* _Task brief_: The pictures are to be left out when the listing below is reproduced word for word.

--- Given material Enclosed Below ---

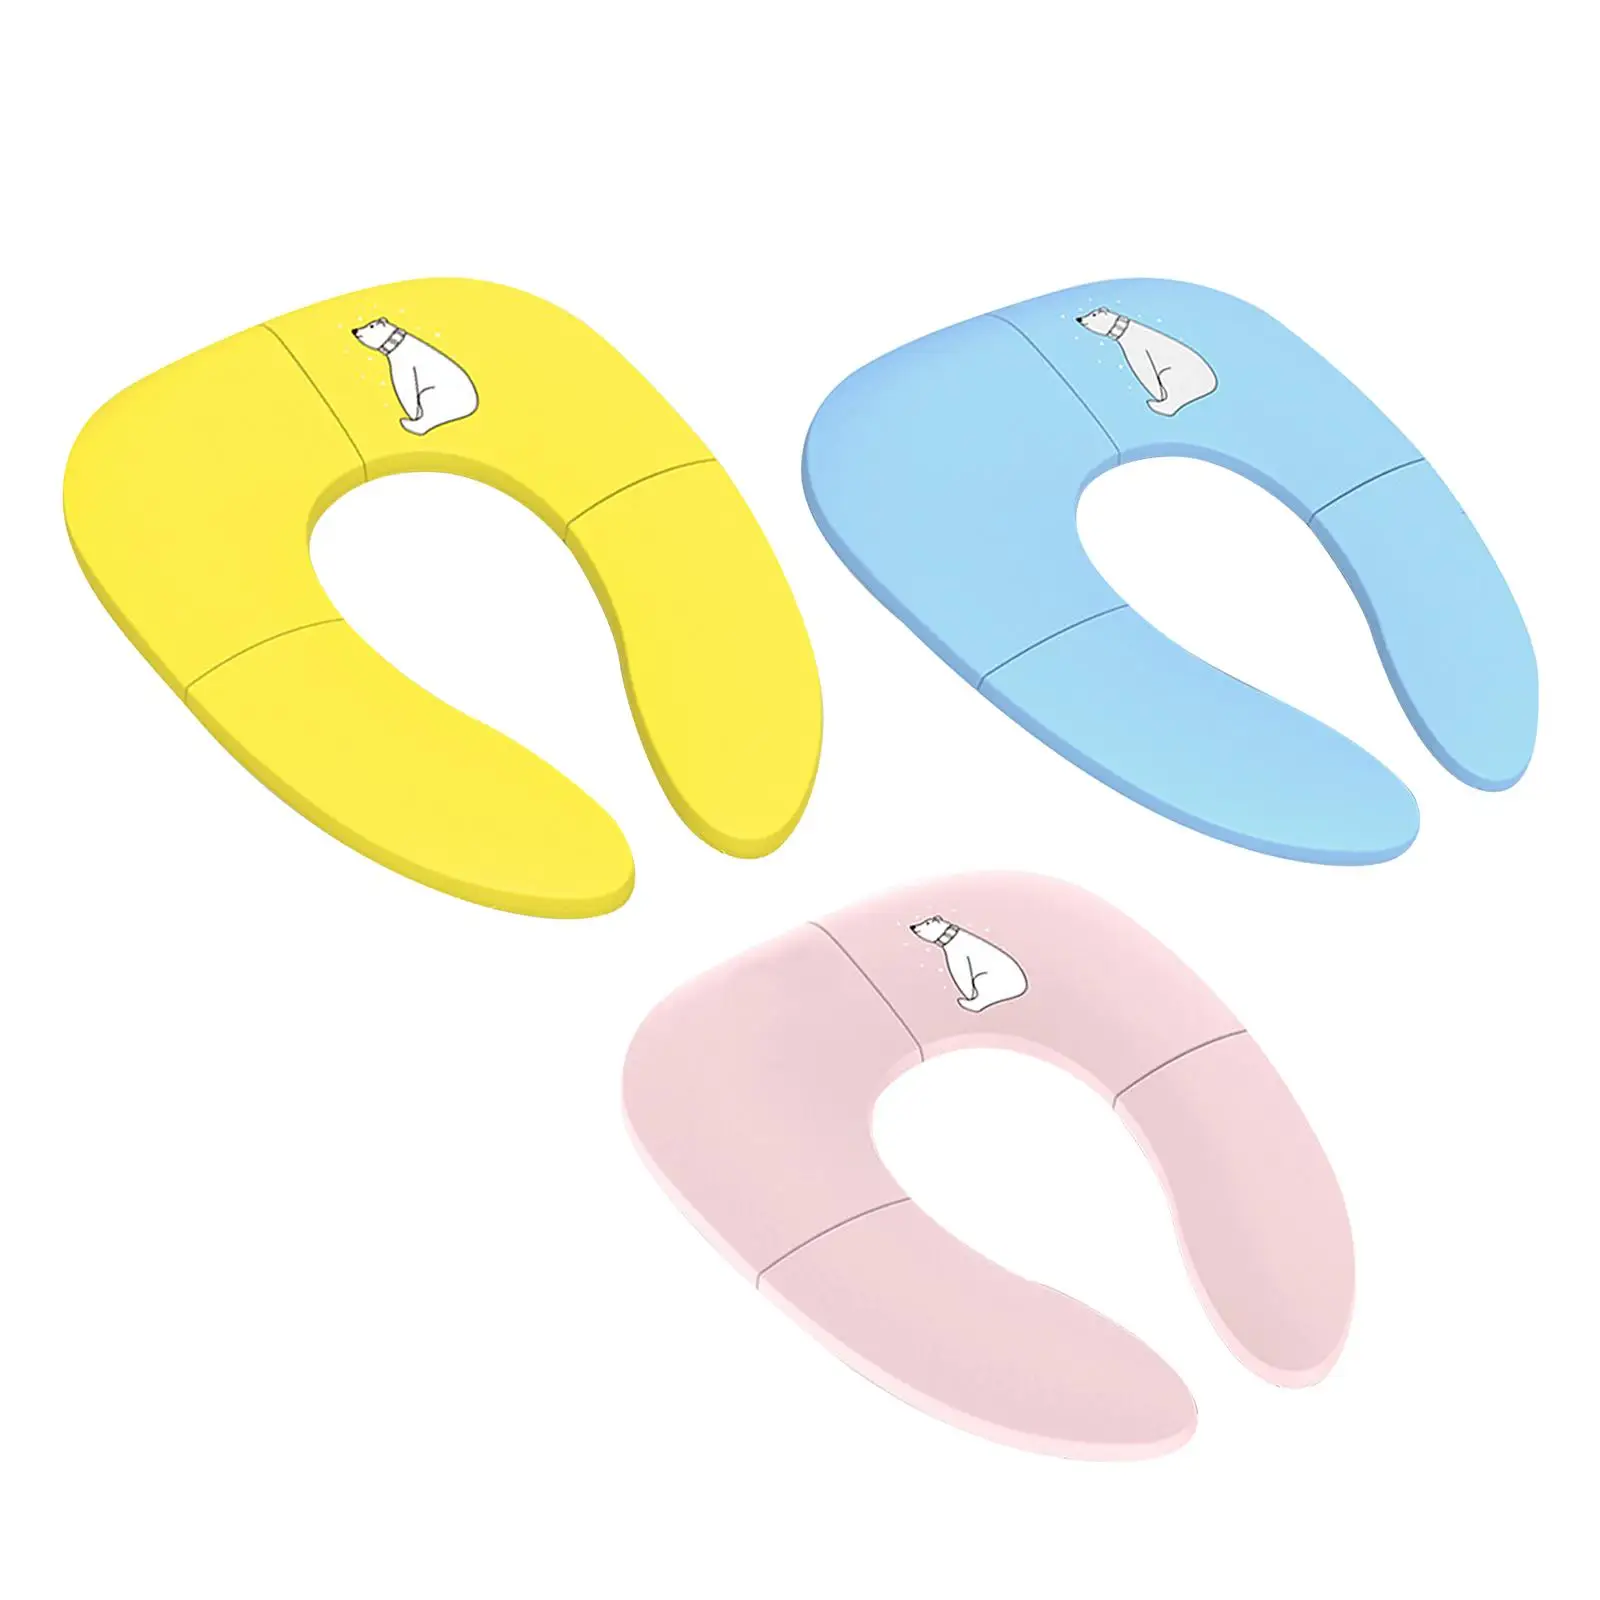 Foldable Toilet Seat Portable Upgraded Toilet Cover for Home Use girls Kids
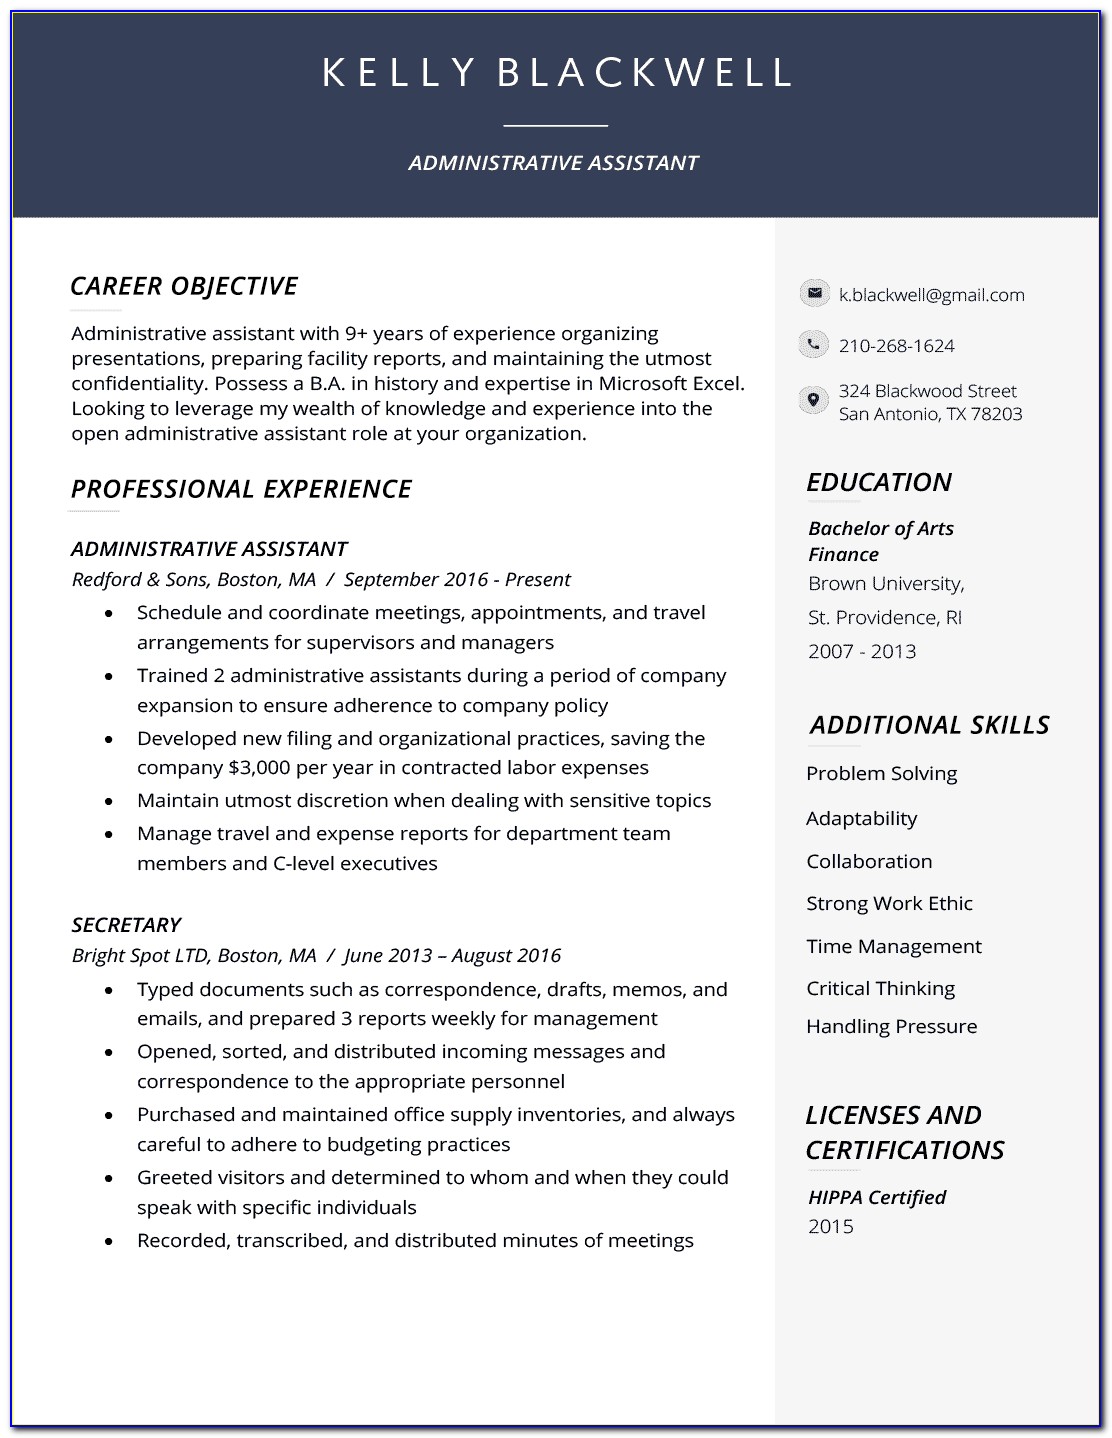 Resume Builder Examples Free
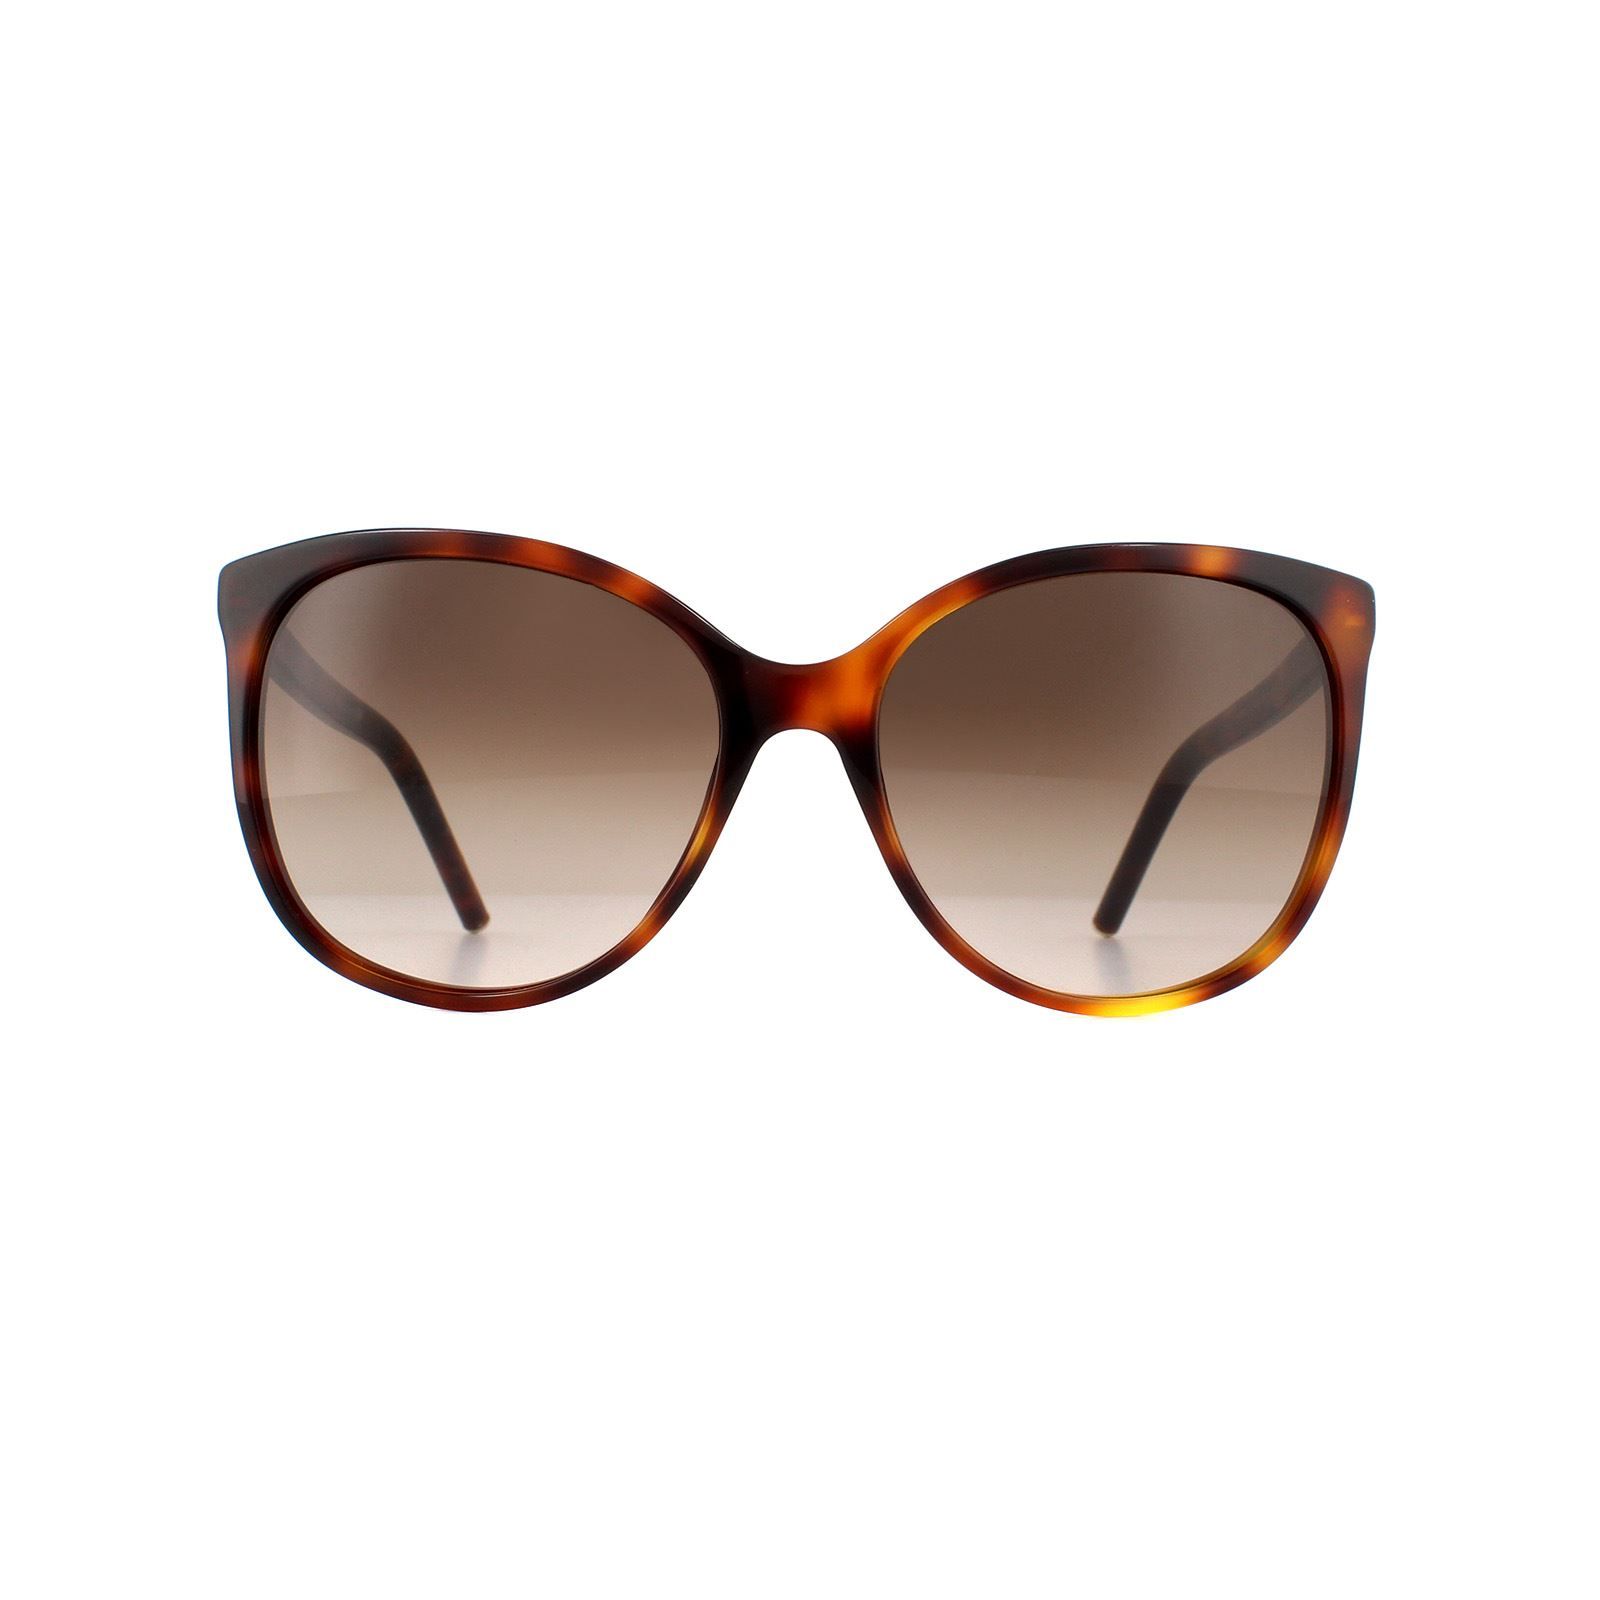 Marc Jacobs Sunglasses MARC 79/S 05L J6 Havana Brown Gradient are from the master of design Marc Jacobs who always brings a unique design ethos that is reflected well in the sunglasses collection. These trendy round shaped frames made of plastic are perfect for the modern fashionable woman.

--- End of Enclosed Given material ---

* _Exercise output_:
 Foldable Toilet Seat Portable Upgraded Toilet Cover for Home Use girls Kids
 Resume Builder Examples Free
 Marc Jacobs Sunglasses MARC 79/S 05L J6 Havana Brown Gradient are from the master of design Marc Jacobs who always brings a unique design ethos that is reflected well in the sunglasses collection. These trendy round shaped frames made of plastic are perfect for the modern fashionable woman.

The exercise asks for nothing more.